◆ **What is being asked**
After finding the line that holds "Aqua Cushion &" below, set down that line and the rest through the final one exactly, leaving the pictures out.

◆ **Dataset extract**
......
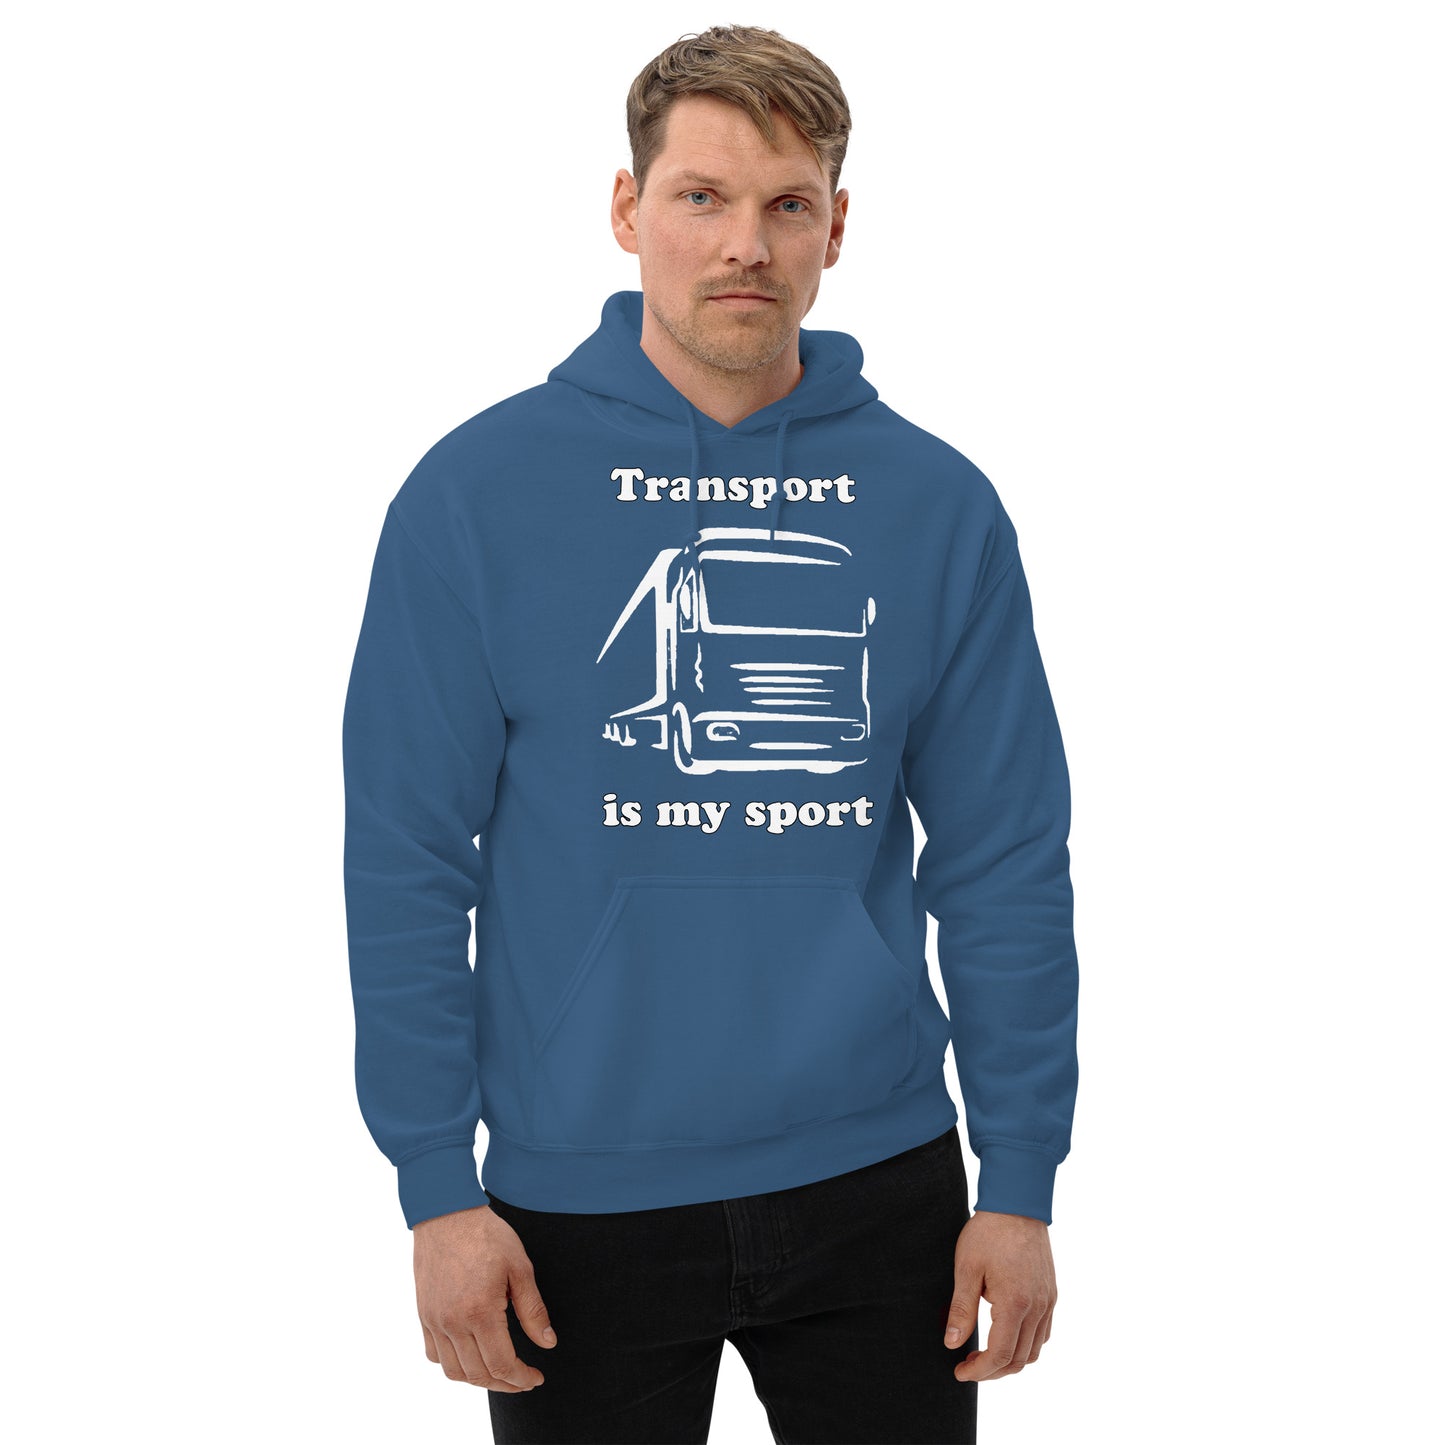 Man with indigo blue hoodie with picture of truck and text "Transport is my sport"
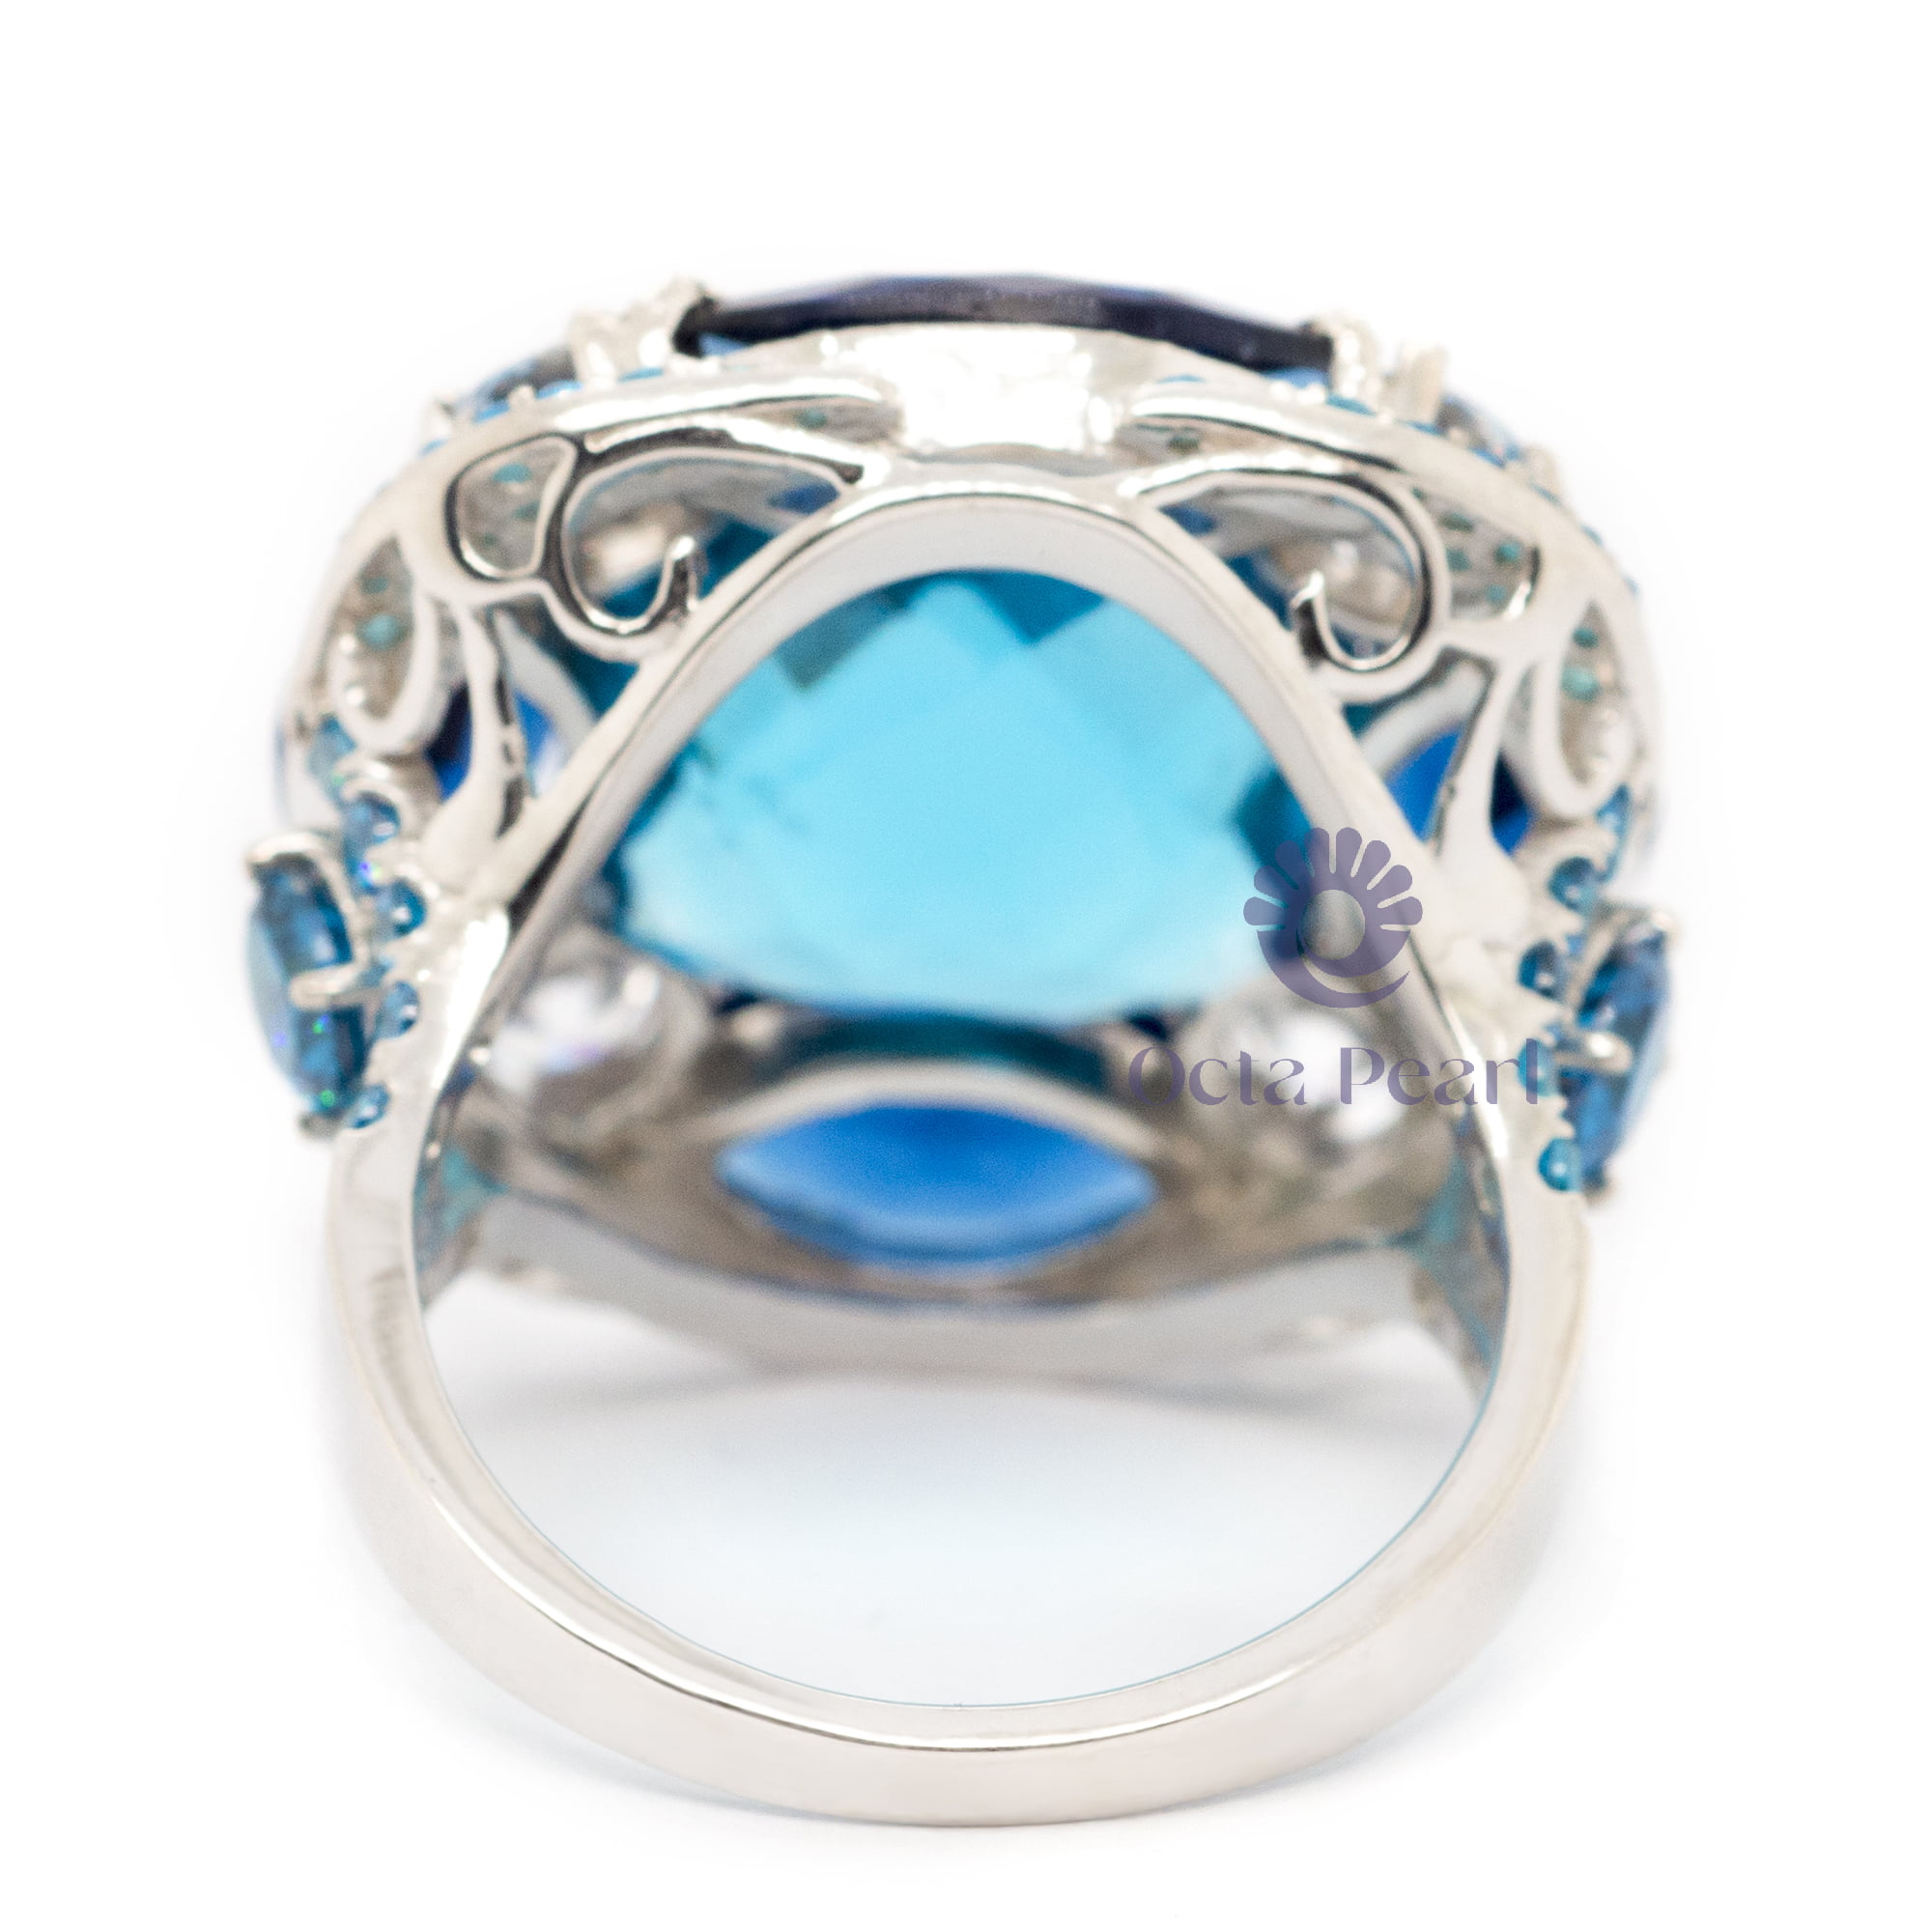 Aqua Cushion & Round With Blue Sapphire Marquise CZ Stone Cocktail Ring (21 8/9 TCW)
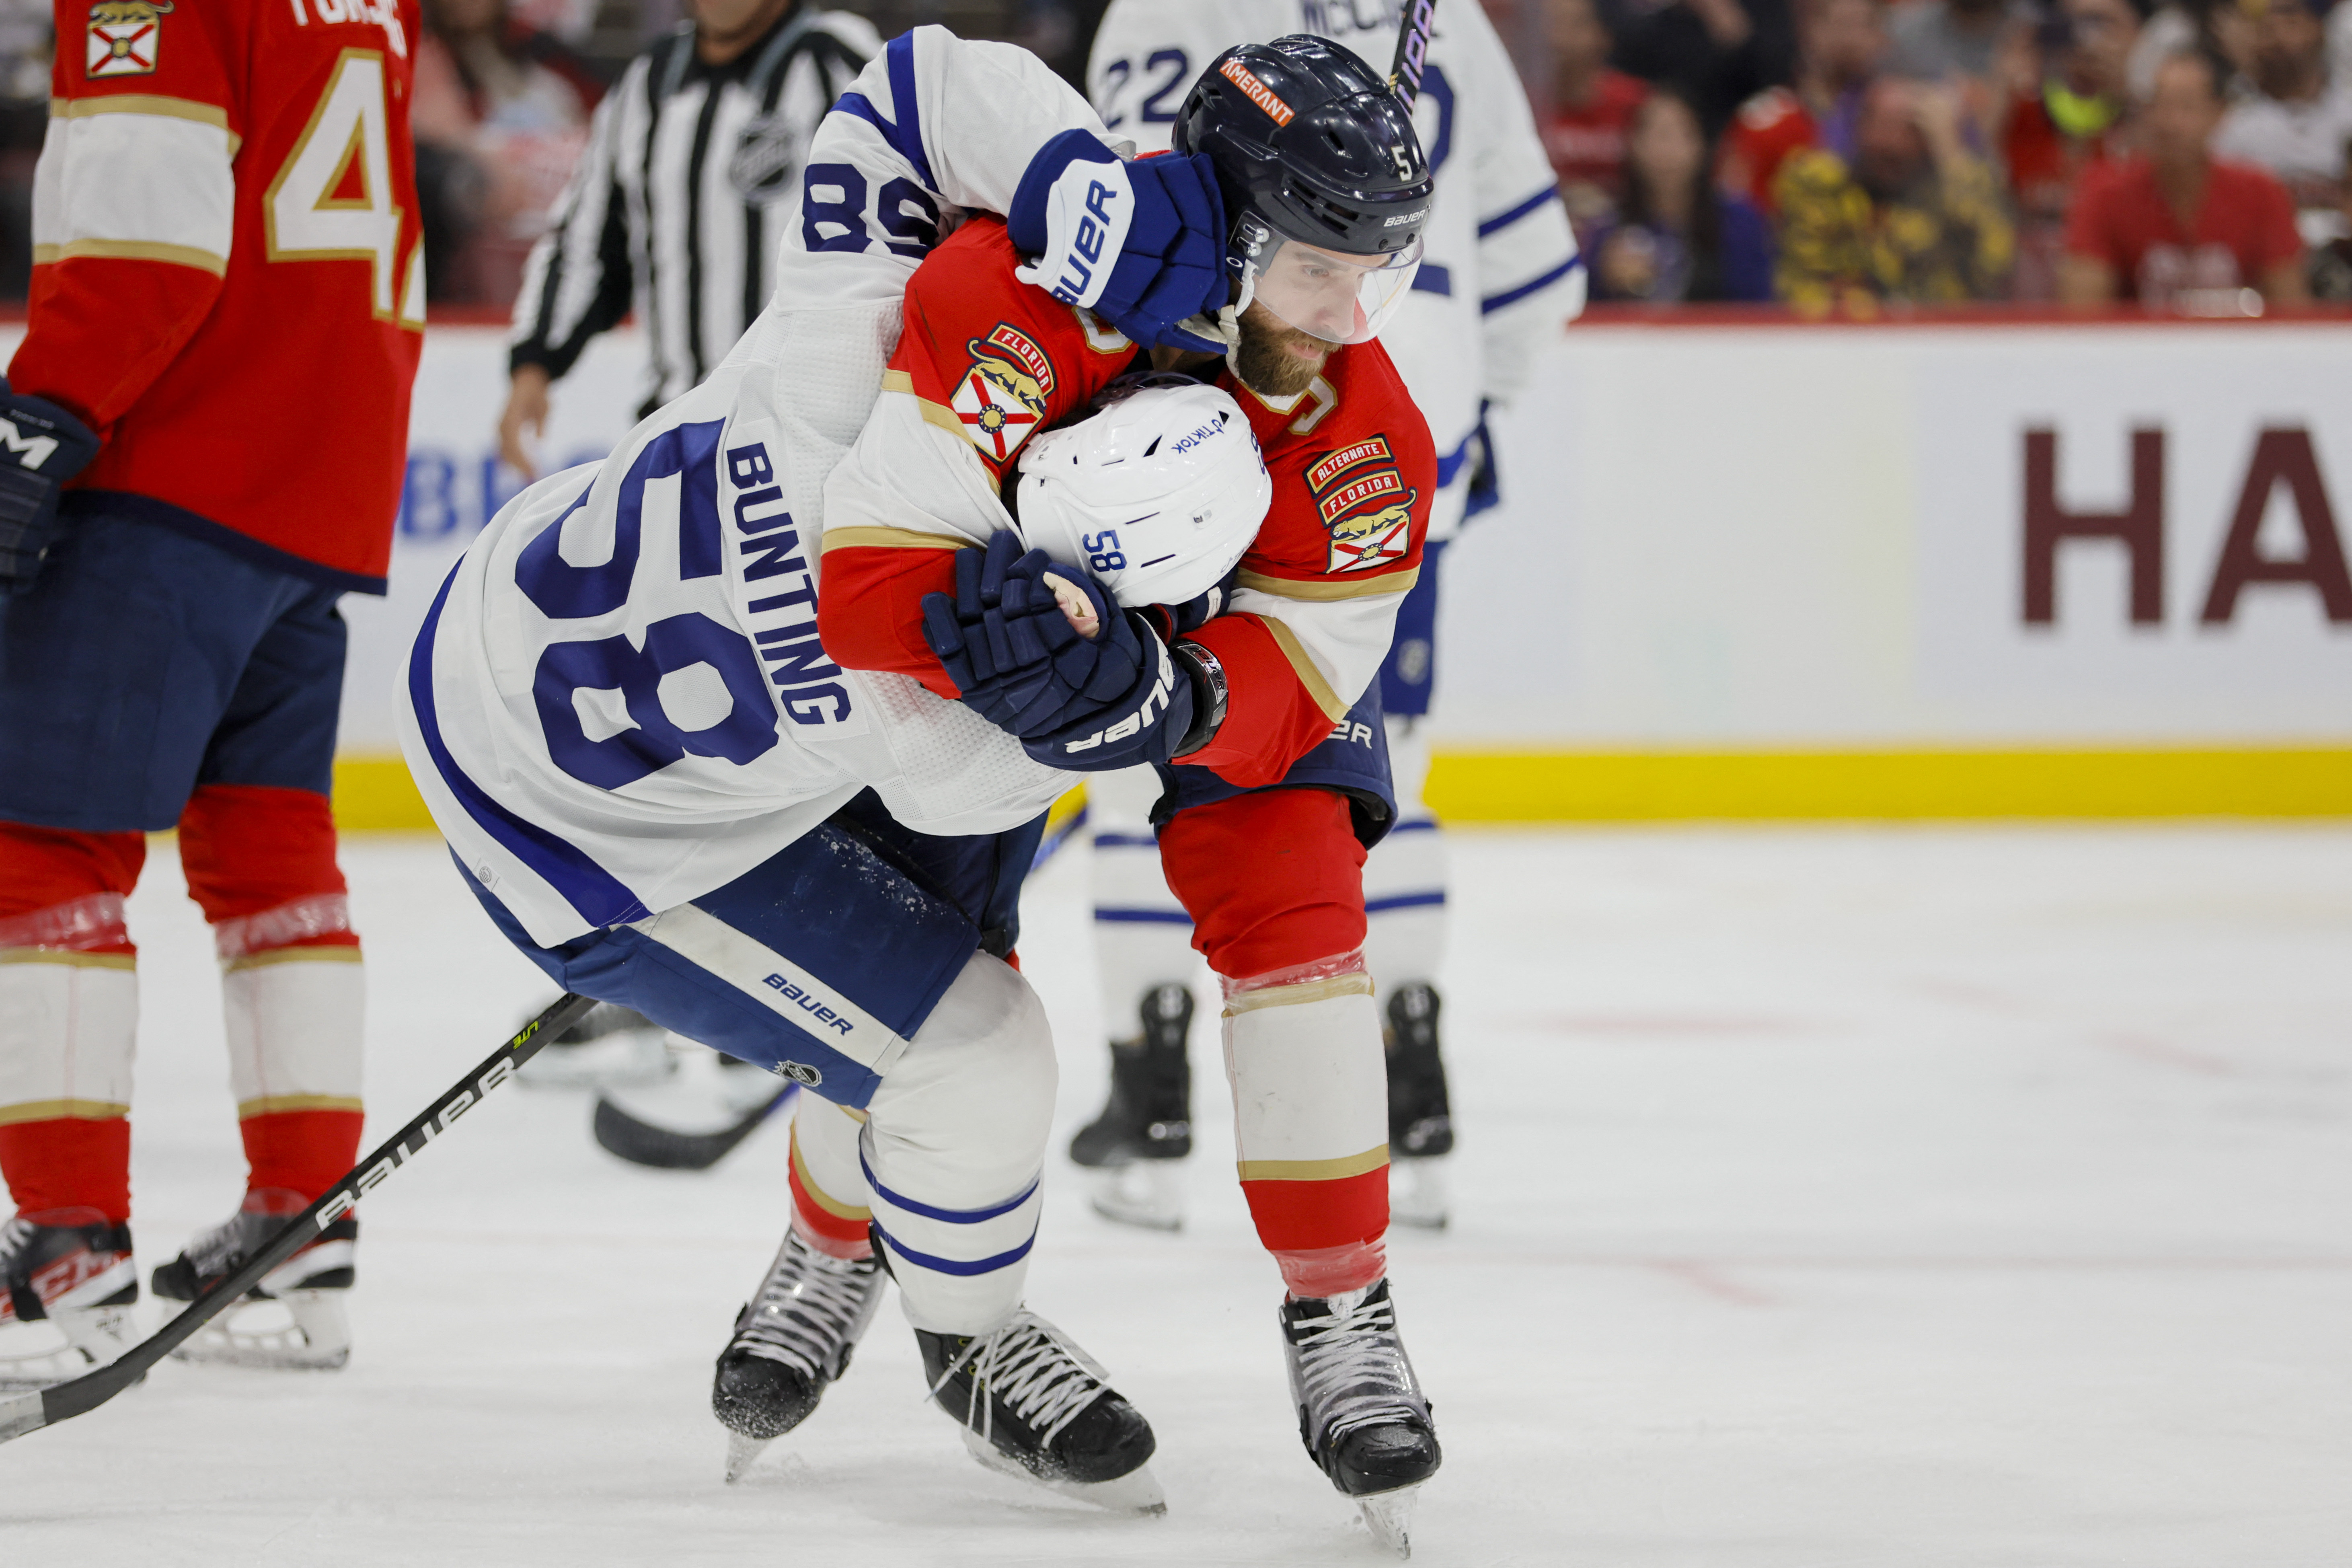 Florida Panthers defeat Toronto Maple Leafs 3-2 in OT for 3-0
......
◆ **Exercise result**
 Aqua Cushion & Round With Blue Sapphire Marquise CZ Stone Cocktail Ring (21 8/9 TCW)
 Florida Panthers defeat Toronto Maple Leafs 3-2 in OT for 3-0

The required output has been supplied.